Low water flows on the Chilliwack-Vedder River system are not expected to impact salmon migration.

Low water flows on the Chilliwack-Vedder River system are not expected to impact salmon migration.

Rain expected to improve Chilliwack stream flow for spawning salmon

Right across B.C., many streams are experiencing low water flow levels due to ongoing drought conditions.

The coming rains should help local migrating salmon.

The Chilliwack River, including its tributaries and channels, has been experiencing low water conditions but this isn’t affecting the adult salmon migration to the Chilliwack River Hatchery, said a Fisheries and Oceans Canada official.
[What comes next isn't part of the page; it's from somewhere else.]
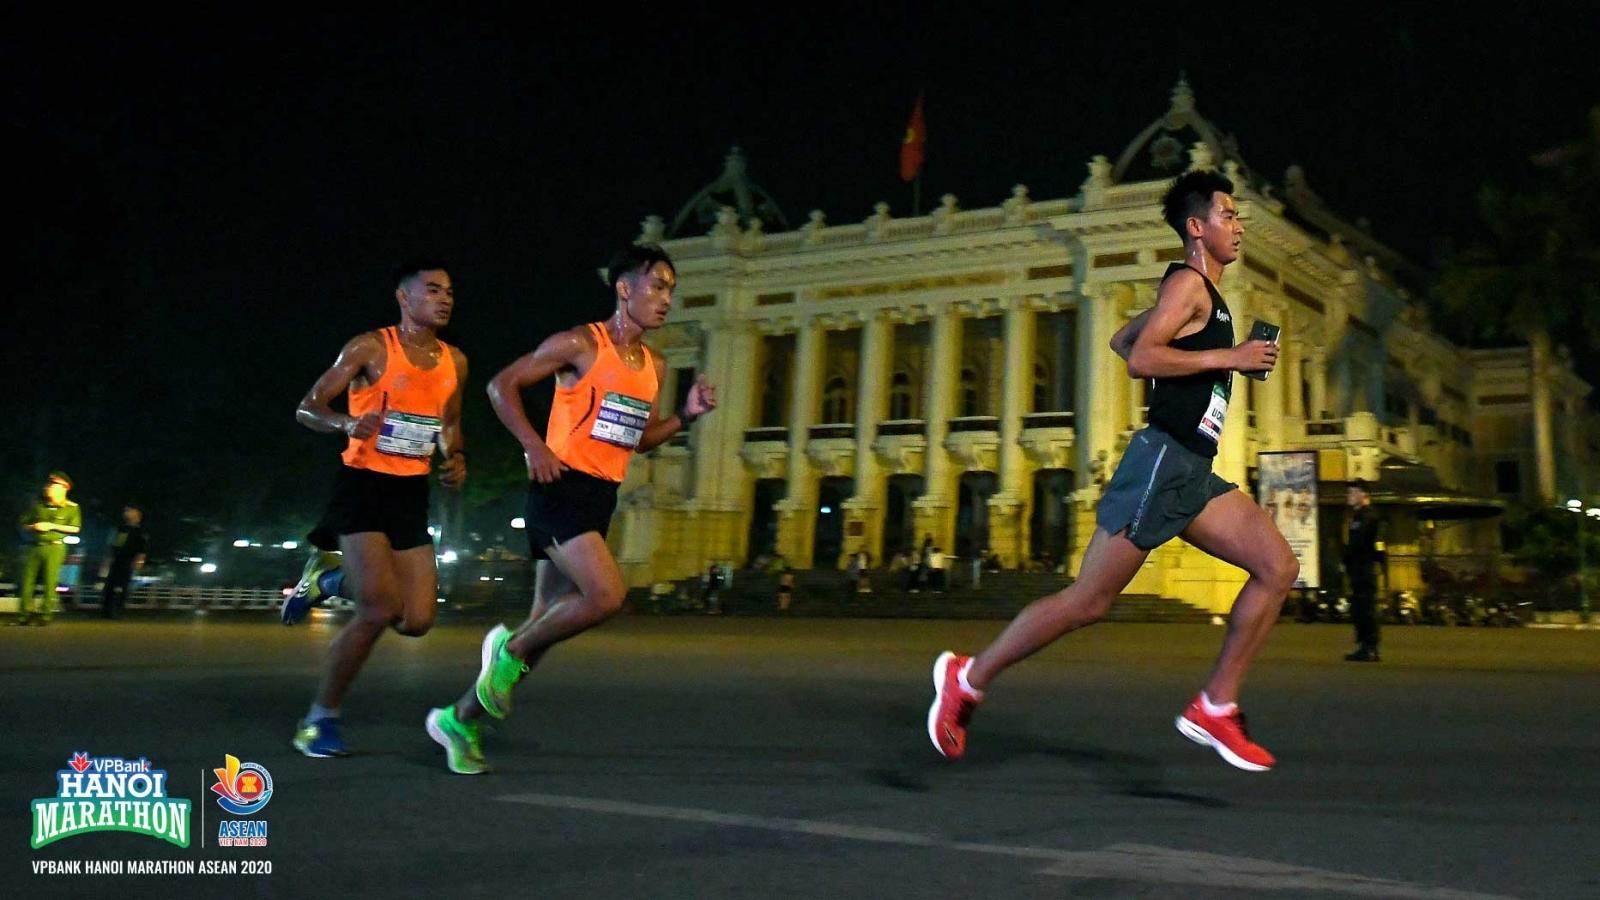 VPBank Hanoi Marathon ASEAN 2020: Nâng trách nhiệm Chủ tịch ASEAN

“It is still early in the fall salmon migration so the impact on fish has so far been minimal,” said DFO media spokesperson Carrie Mishima.

The peak spawning time for most salmon is still two weeks to a month away.

Salmon tend to hold off entering freshwater until the fall rains begin, but there have been local reports about chum salmon already returning to the Hope Slough spawning riffle.

Rain is forecast, so water flows should improve soon, said Mishima.

Right across B.C., many streams are experiencing low water flow levels due to ongoing drought conditions.

“The Department is monitoring the situation closely, and to date salmon continue to migrate successfully into most river systems,” she said.